Apps such as Kindu and UnderCovers offer a list of sexual activities that a couple might be interested. When is helpful about going through such a list is that both partners explore for themselves what they might want to do and can then share it with their other half. Even is there are activities that one partner would like to do and the other is a hard no, it is okay to share if there are no expectations. Again this should be a conversation of exploration and less judgement or pressure in how to think or behave.
Let’s Talk about Drive
We all hear the words “sex drive” all the time. Some people might identify themselves as ‘not sexual’ or have a slow sex drive or maybe my hormones are out of whack (For the hormones, check with you doctor if you want to get that evaluated.) It may be helpful to talk about your sex drive as two different part. If your sex drive was a car it has both accelerators and brakes. Both of these components are important for your sex drive.
Your sex drive brakes are anything that stops you from engaging in sex or wanting to slow down. Often these things are involved with feelings of safety. These might be external items such as fear of consequences or noticing a lack of consent. The also might be internal as we feel the pressure of evaluating our bodies or questioning our performance. There are some folks who use alcohol or other substances to help bring down their inhibitions (aka their brakes) in order to engage in sex. If this is the case I recommend being able to find other tools to help quiet your brakes and even consider talking to a therapist.
Your sex drive accelerators are the things that turn you on. For some people this may take more of a ramp up. They might need a longer tease to bring up their drive, while others have very sensitive accelerators and can quickly get in the mood. Whatever your brakes and accelerators are (Sensitive, average, or slow to react) they are part of how you work. Understanding them and sharing it with your partner can help them to activate your accelerators and know what your brakes are.
Let’s Talk about Feedback
Often people will turn away a partner who initiates sex. This can often make the initiator feel unwanted or having done something wrong. It is important to share what make you turn them away. Maybe you were too preoccupied thinking about all of the current stressors in your life, maybe you didn’t feel comfortable in your body/clothes you were wearing, maybe you feel the pressure to having to perform, or maybe your partner didn’t approach you in the way that you needed. Sharing this information, or even asking for it, helps the initiator learn what might help for future attempts.
Your partner might also do something that is unwanted or makes you feel uncomfortable. It is important to make sure that you are sharing this information as well.
I have a phrase I usually say which is “not here, try there.” Or you can rephrase that as “Not that, try this.” In its simplest version it can be a place in your body that you don’t like being touched at, but you can guide your partner to places that you would like to be touched. If you tell your partner what not to do, make sure to share something that you want them to do. This can take multiple forms. Maybe a partner want to dive into sex, and you need more time to ramp up, so asking for actions that help you. Maybe you aren’t in the mood for sex, but you would be up for cuddling or some other form of affection. These forms for feedback help give your partner a road map to your sexuality and you do’s and don’ts.

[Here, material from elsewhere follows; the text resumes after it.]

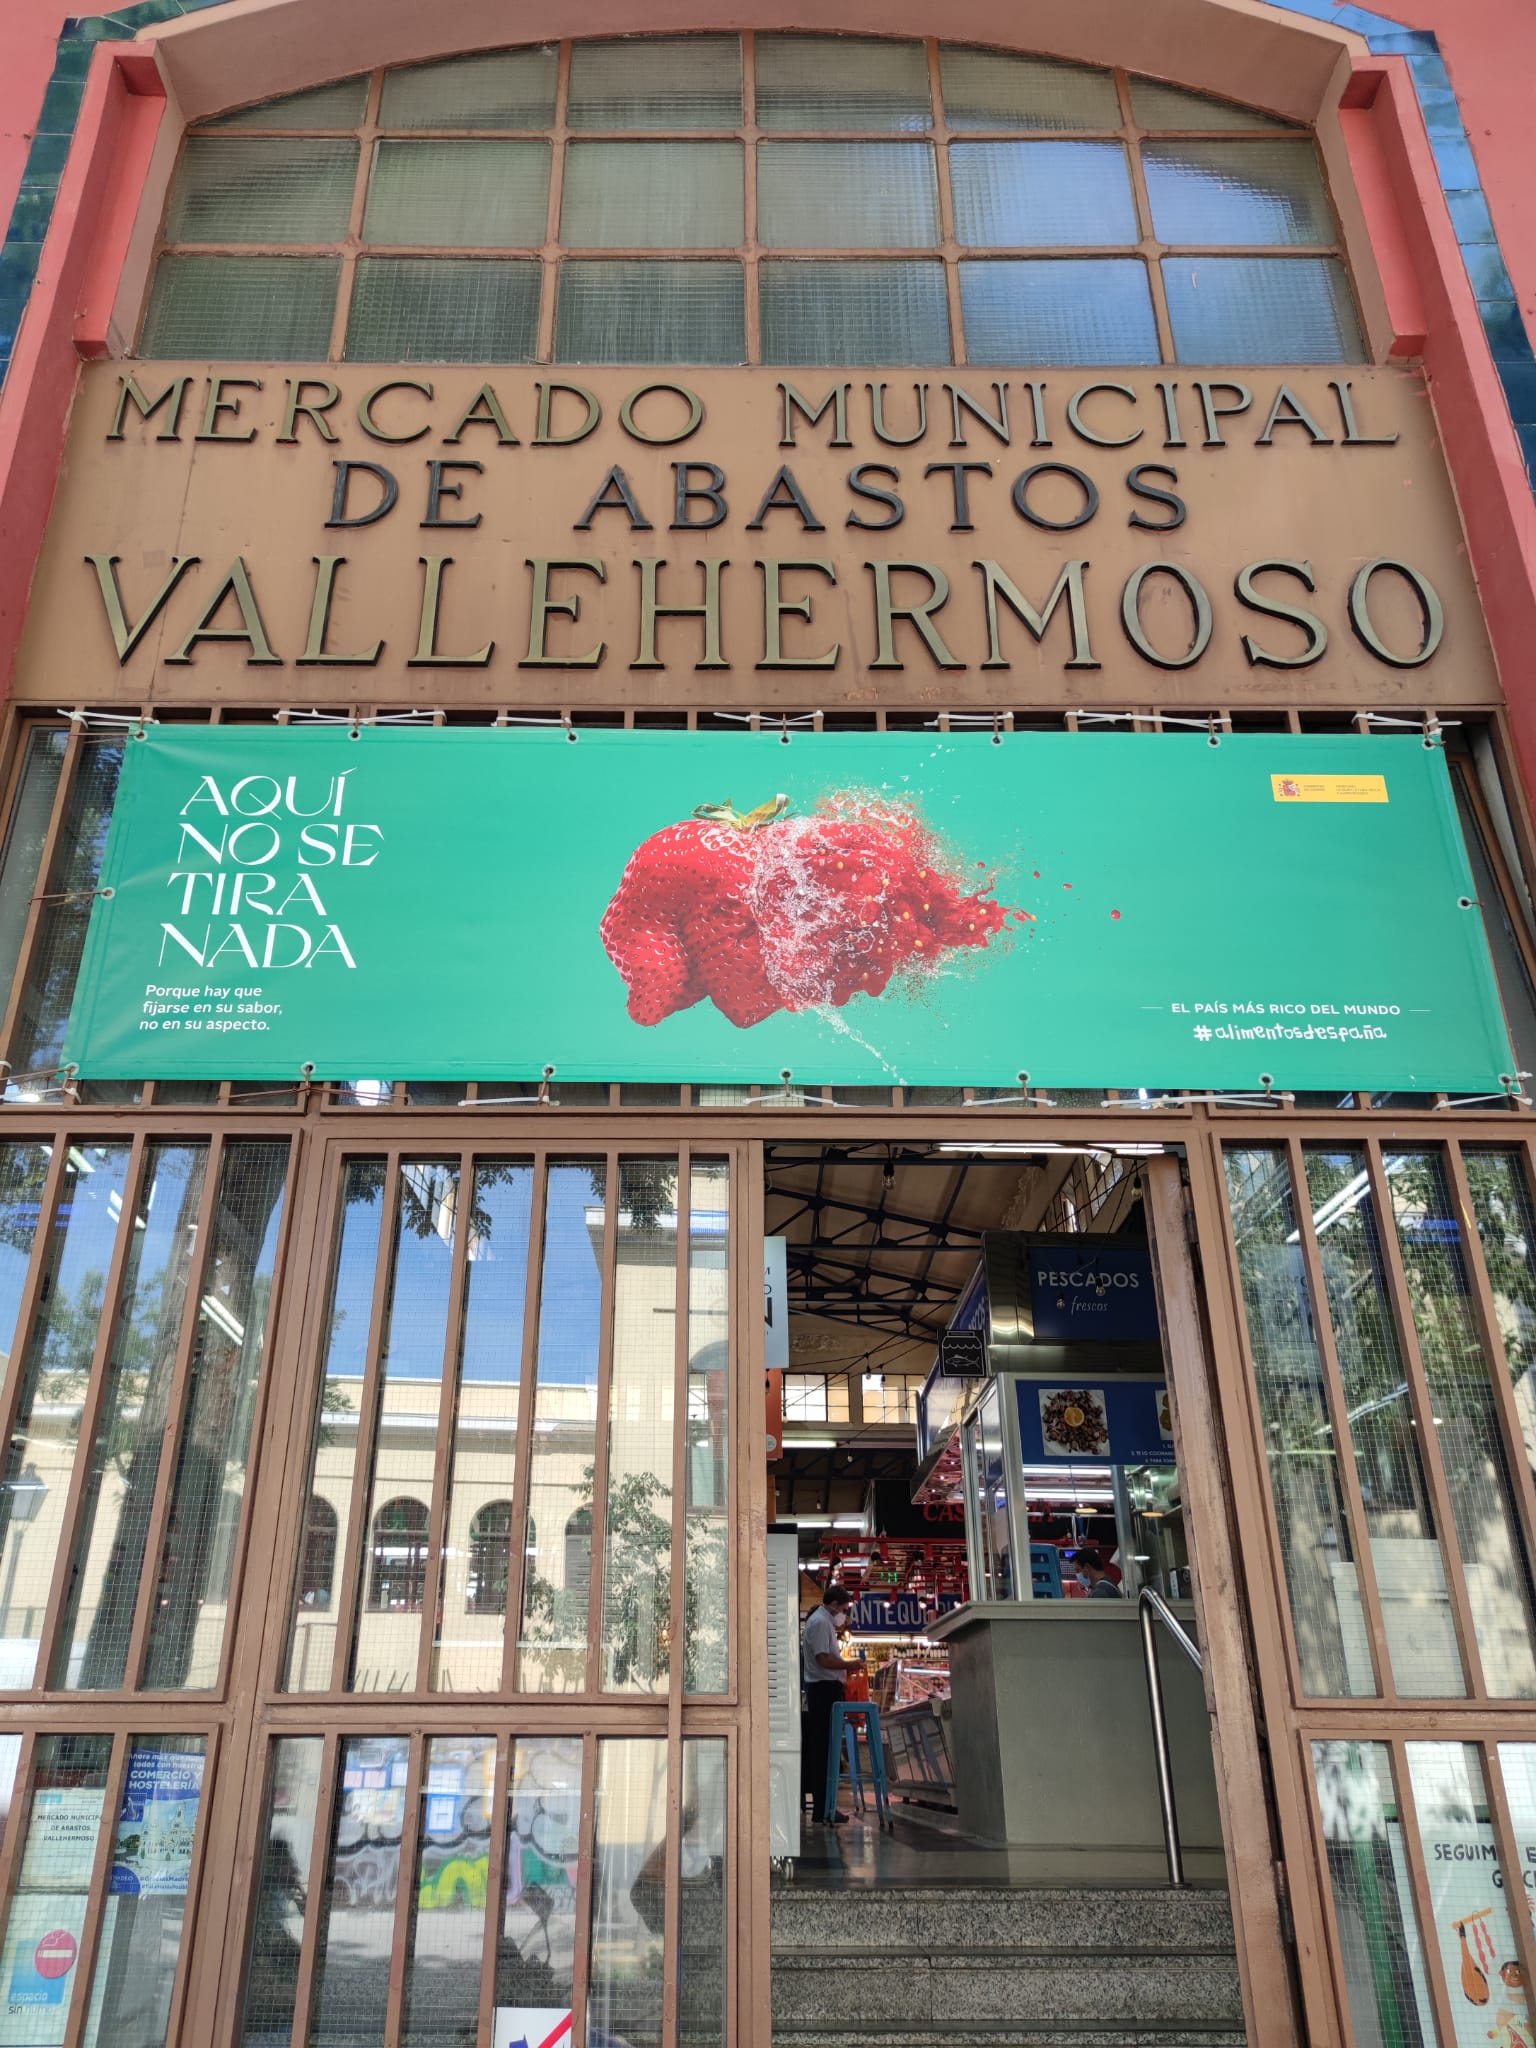 Imagen Mercado Vallehermoso_1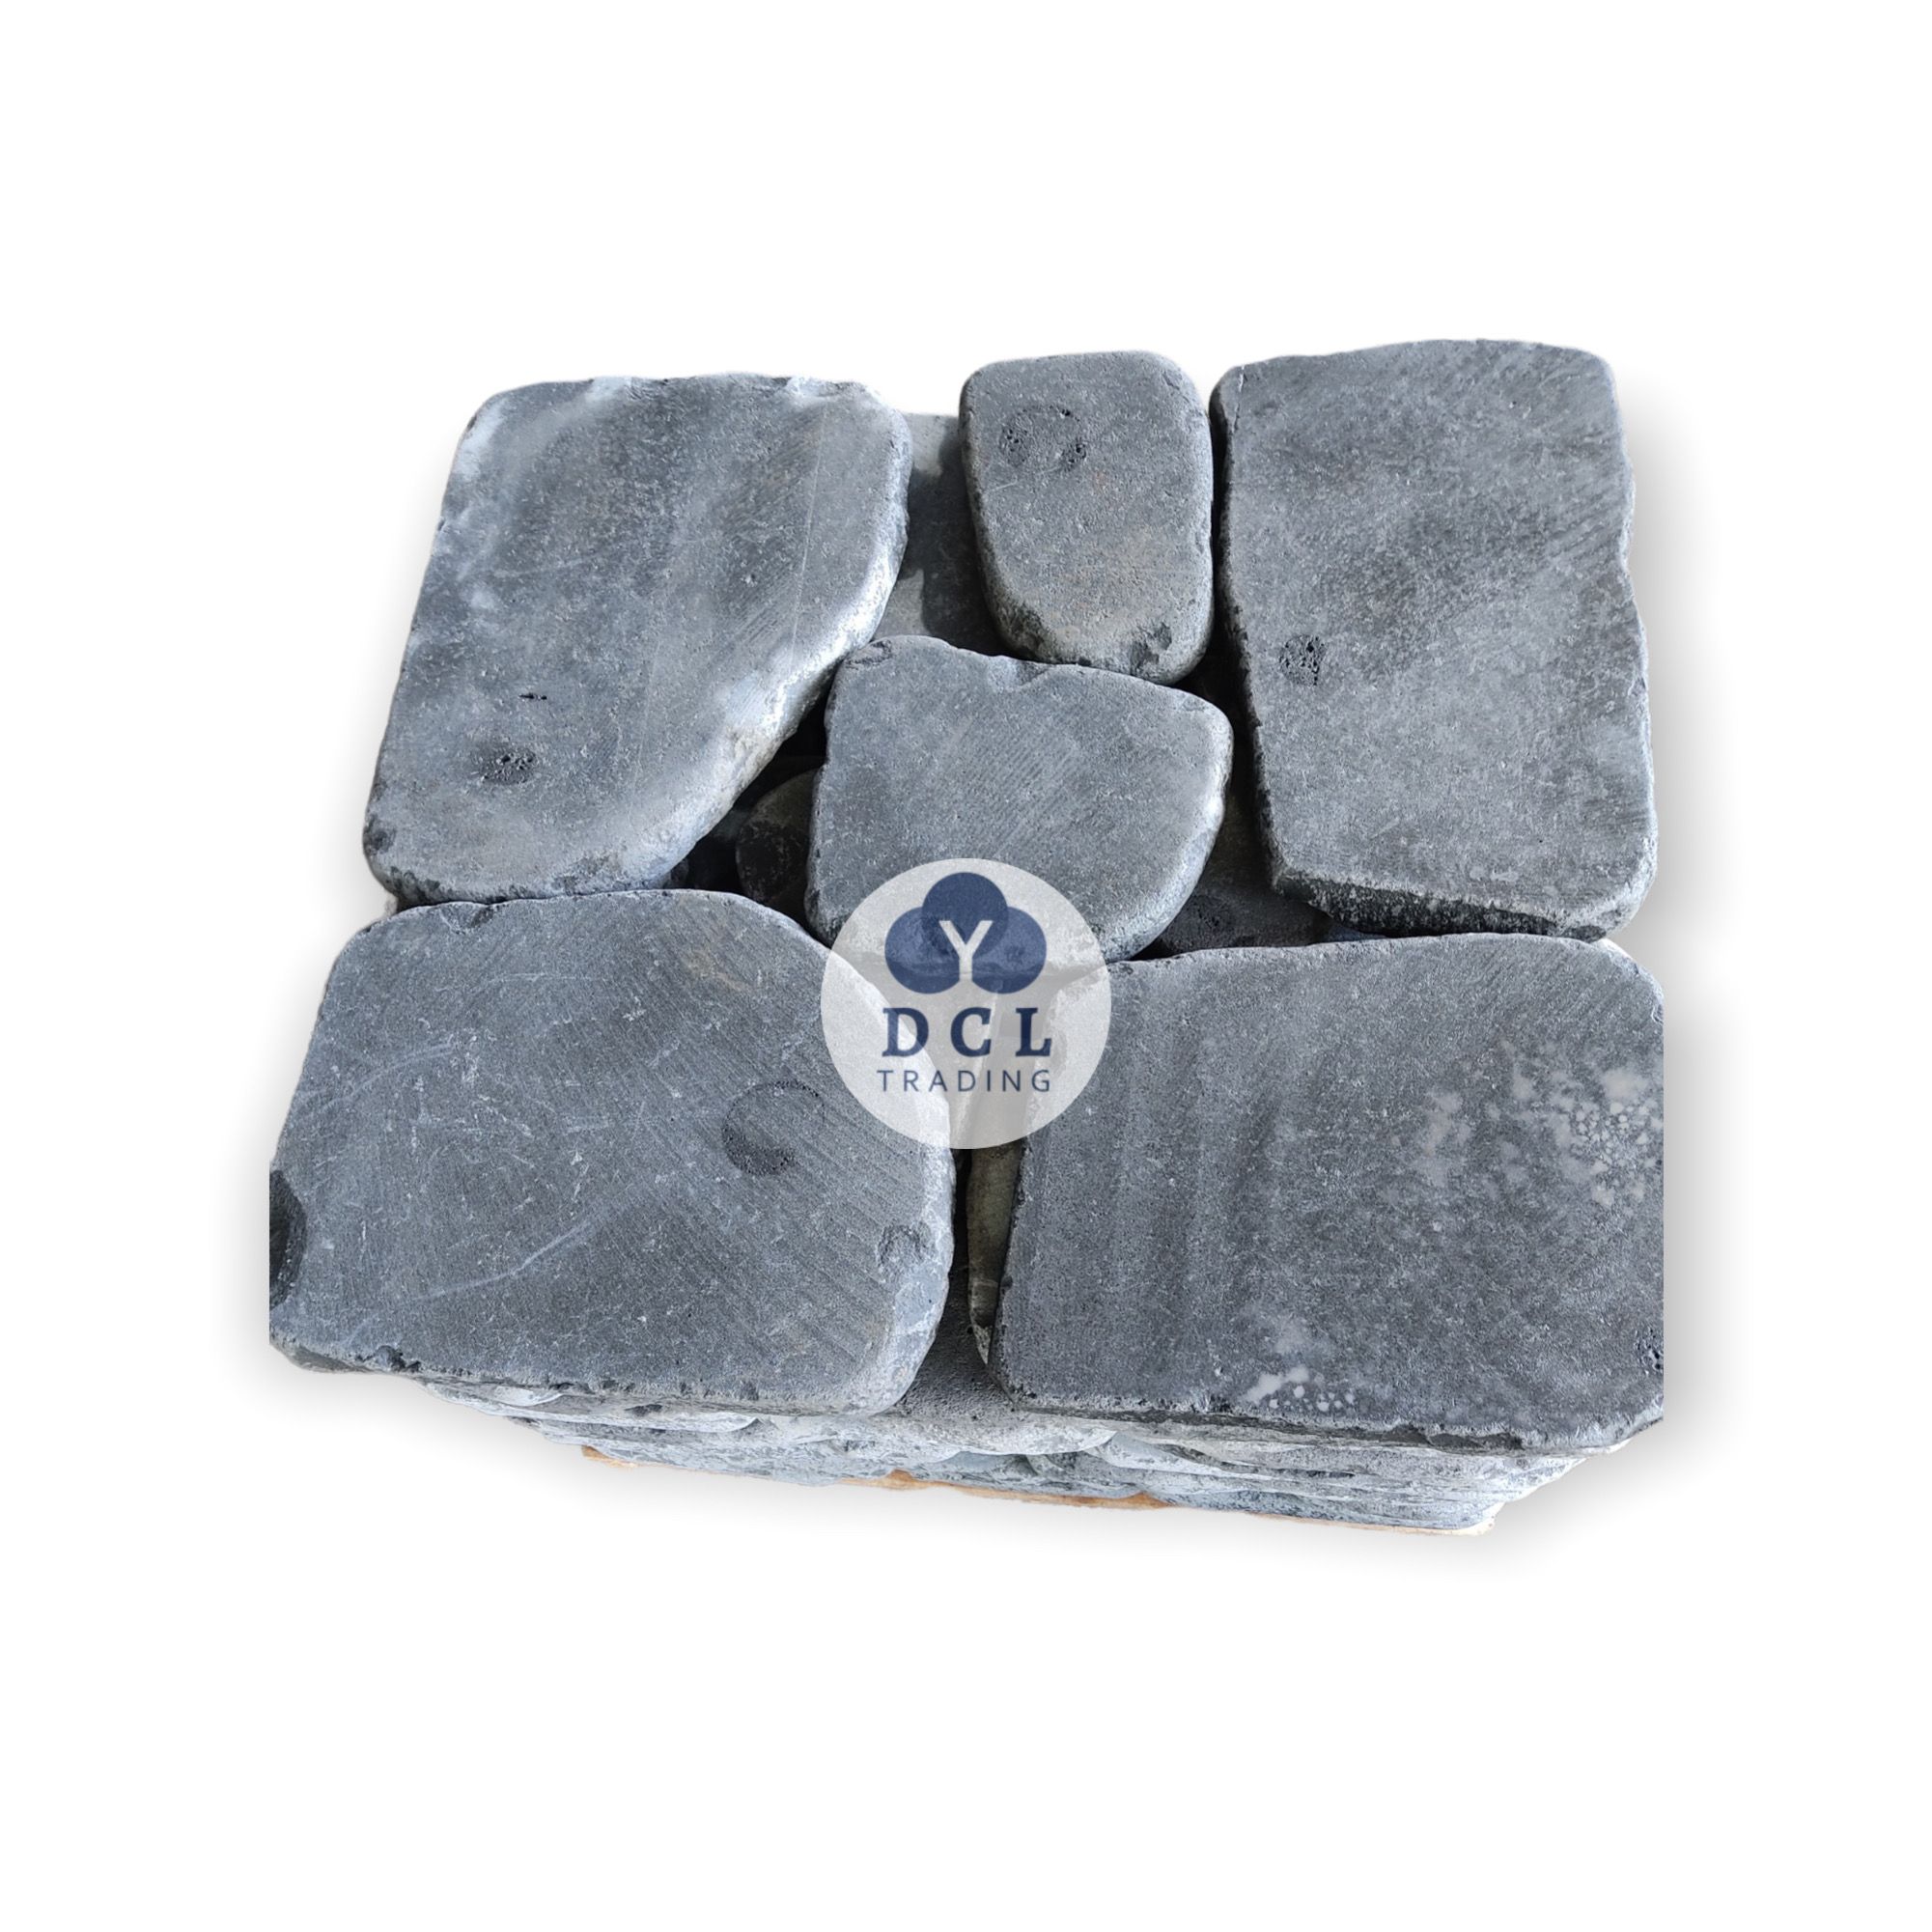  Basalt Stone Tumbled 6-7pcs

All these categories are large areas to discuss with your partner. If having these conversations are hard, it can helpful to attend therapy. Individual therapy can offer a time to process how each of these categories might mean for you. Couples therapy can offer you and your partner a place to discuss these things within a structure time and might add in some added safety. Talking about sex can help build a language to it and a better road map into what intimacy means for you. Each of us is different and we need to understand those wants and needs. Talking about sex is about talking about so many other things than just the deed.